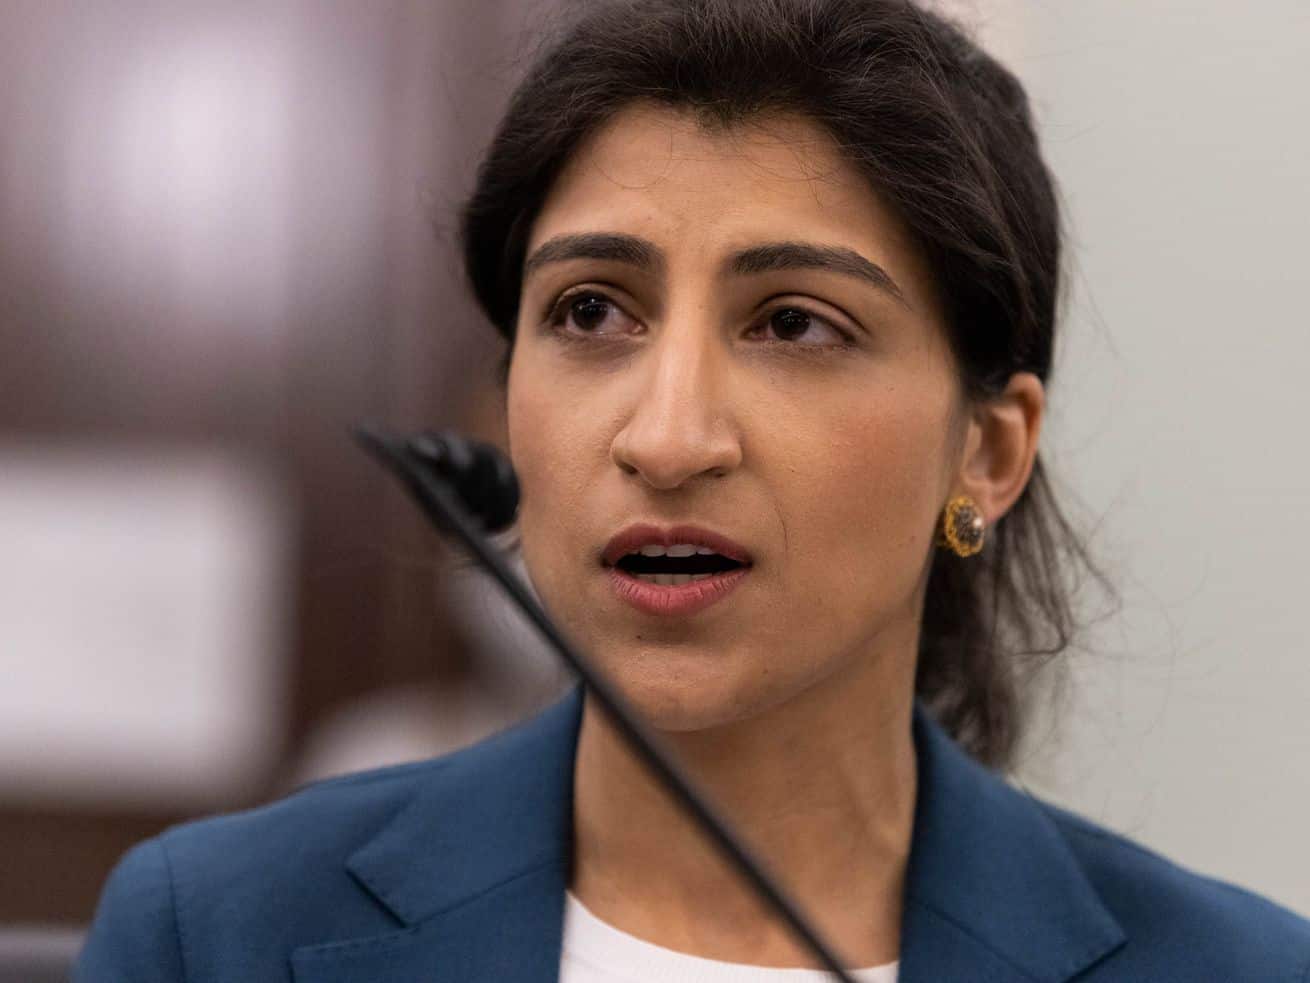 Lina Khan will be chair of the Federal Trade Commission
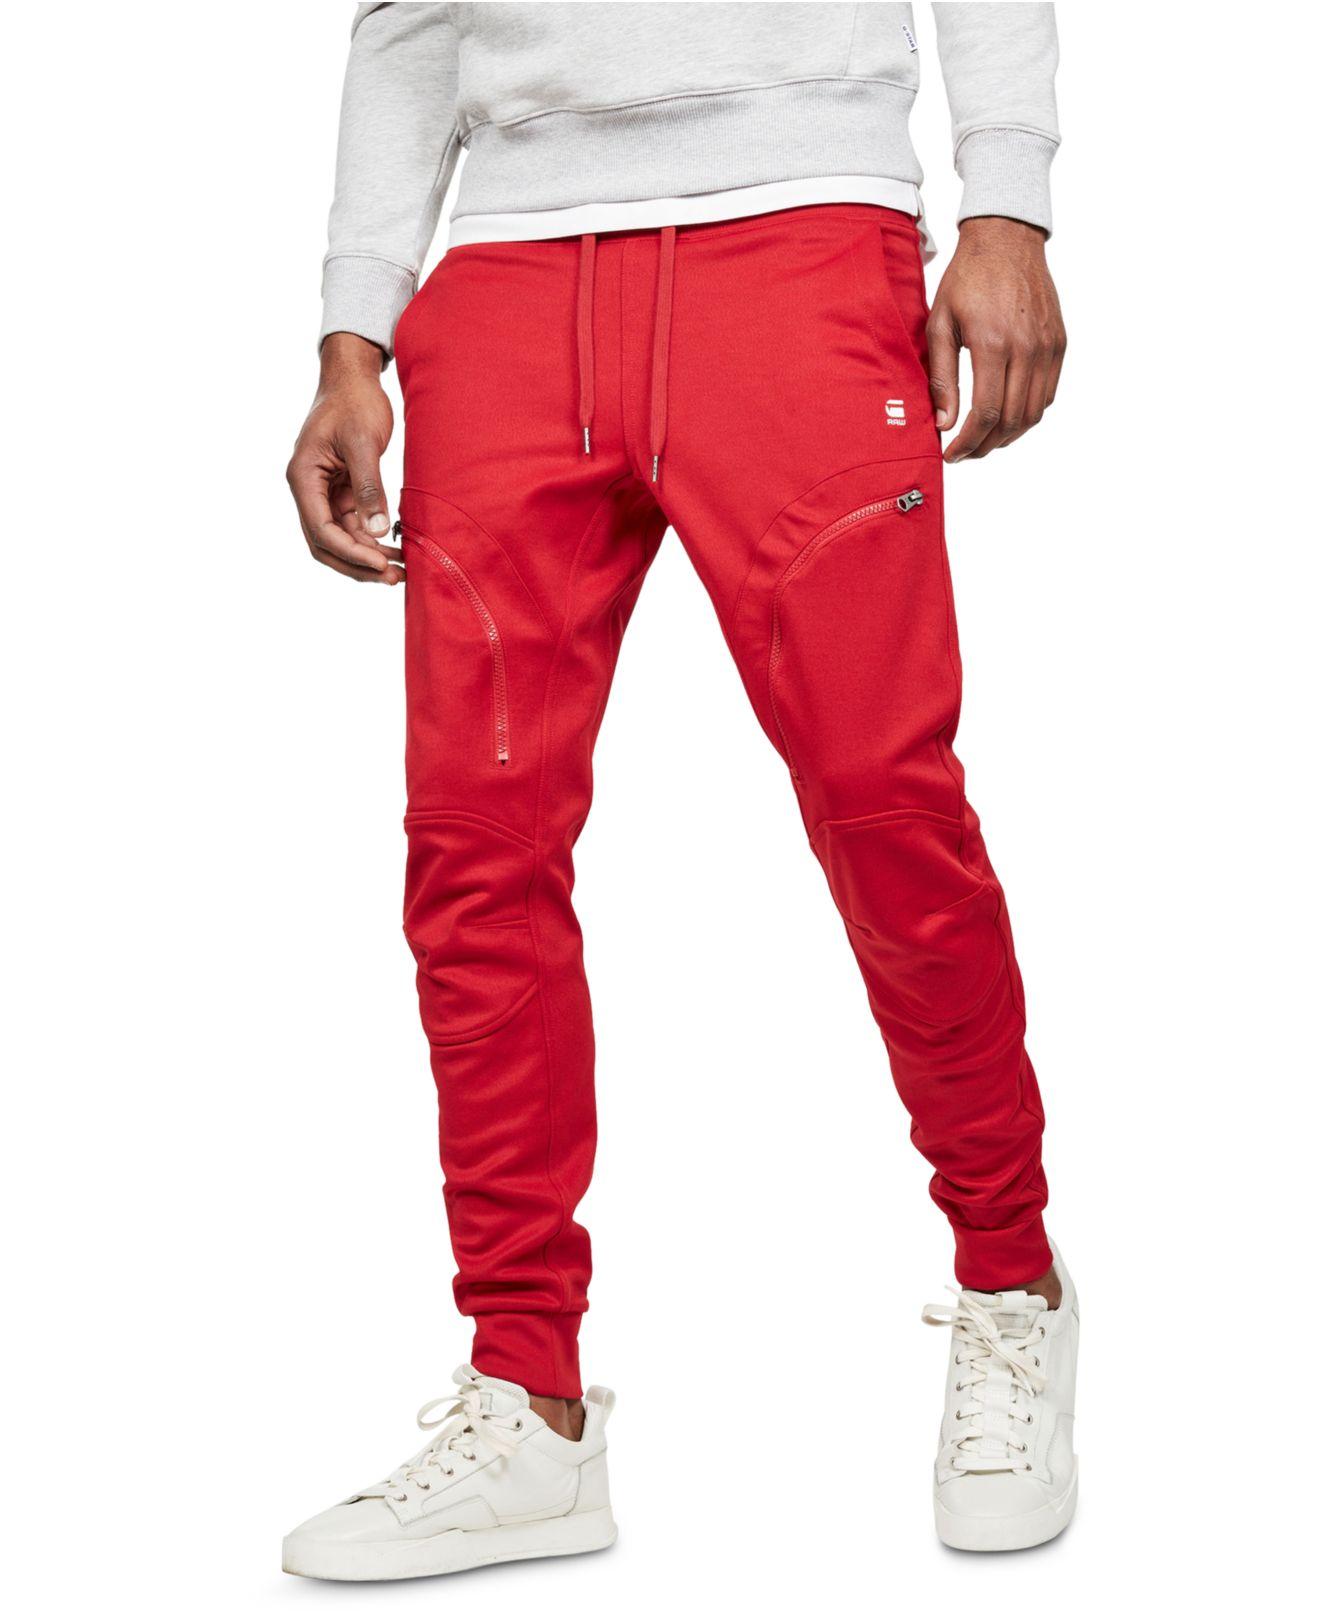 G-Star RAW Air Defense Slim-fit Moto Joggers, Created For Macy's in Red ...
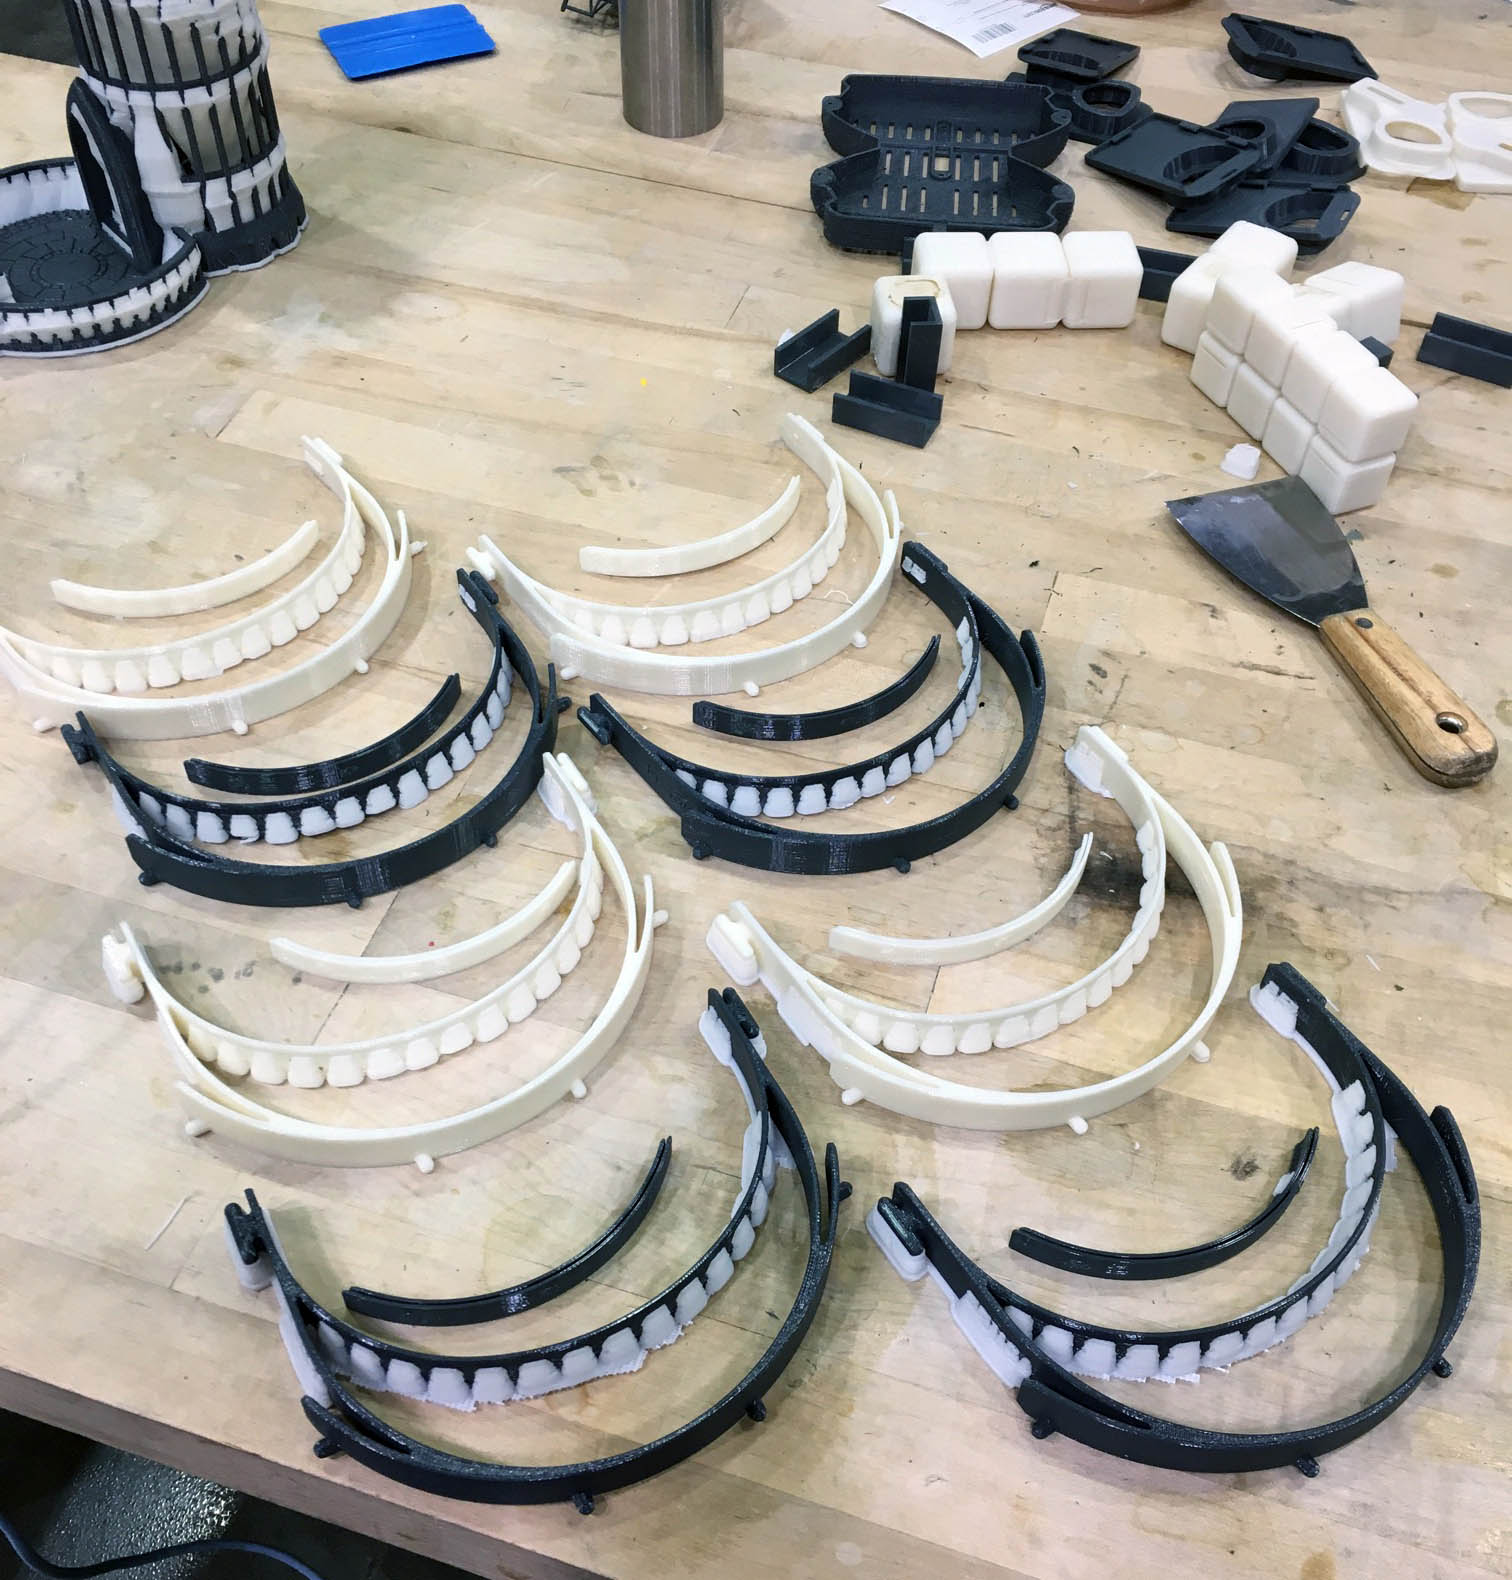 Face-shield headpieces 3D-printed at APL's maker space
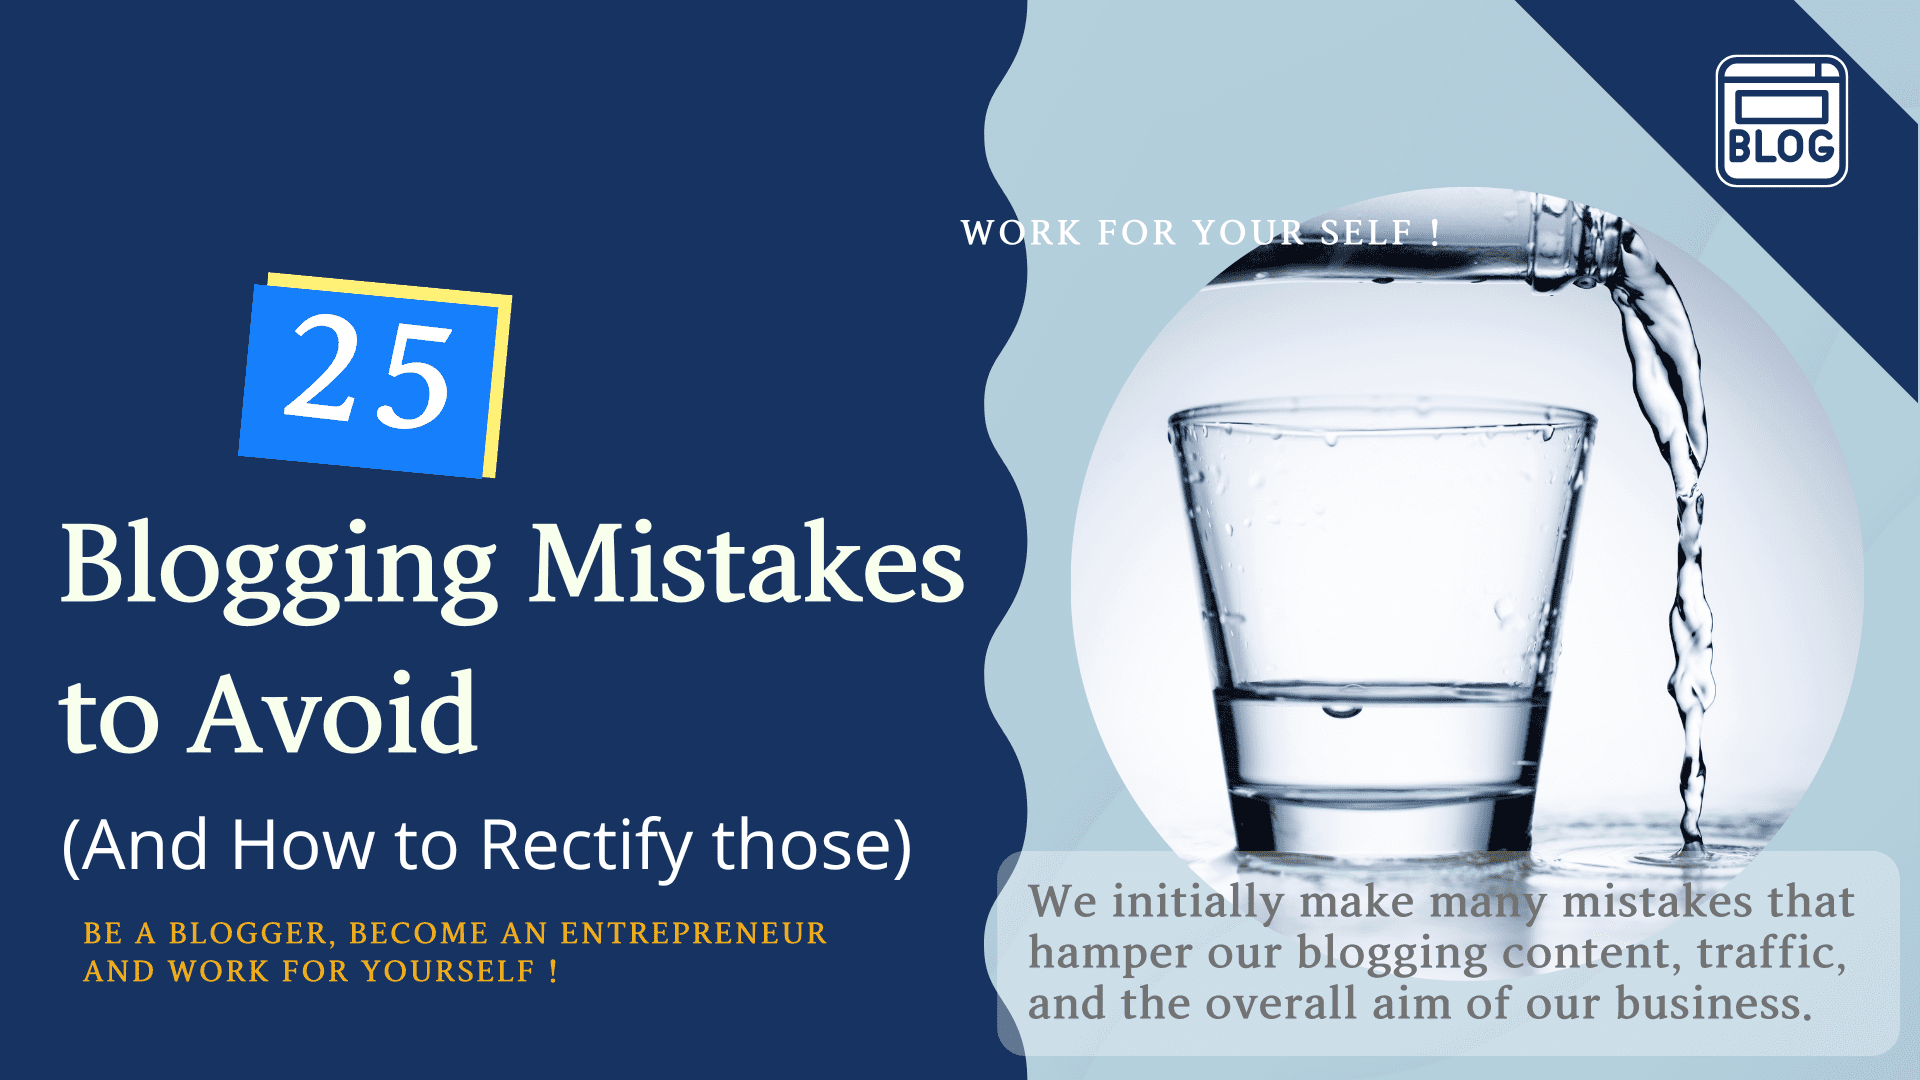 blogging-mistakes-to-avoid-and-rectify-mssaro

**Work to be completed:**
Pictures aside, give the data again exactly as it appears.

**Output below:**
 Lina Khan will be chair of the Federal Trade Commission
 G-Star RAW Air Defense Slim-fit Moto Joggers, Created For Macy's in Red ...
 Face-shield headpieces 3D-printed at APL's maker space
 blogging-mistakes-to-avoid-and-rectify-mssaro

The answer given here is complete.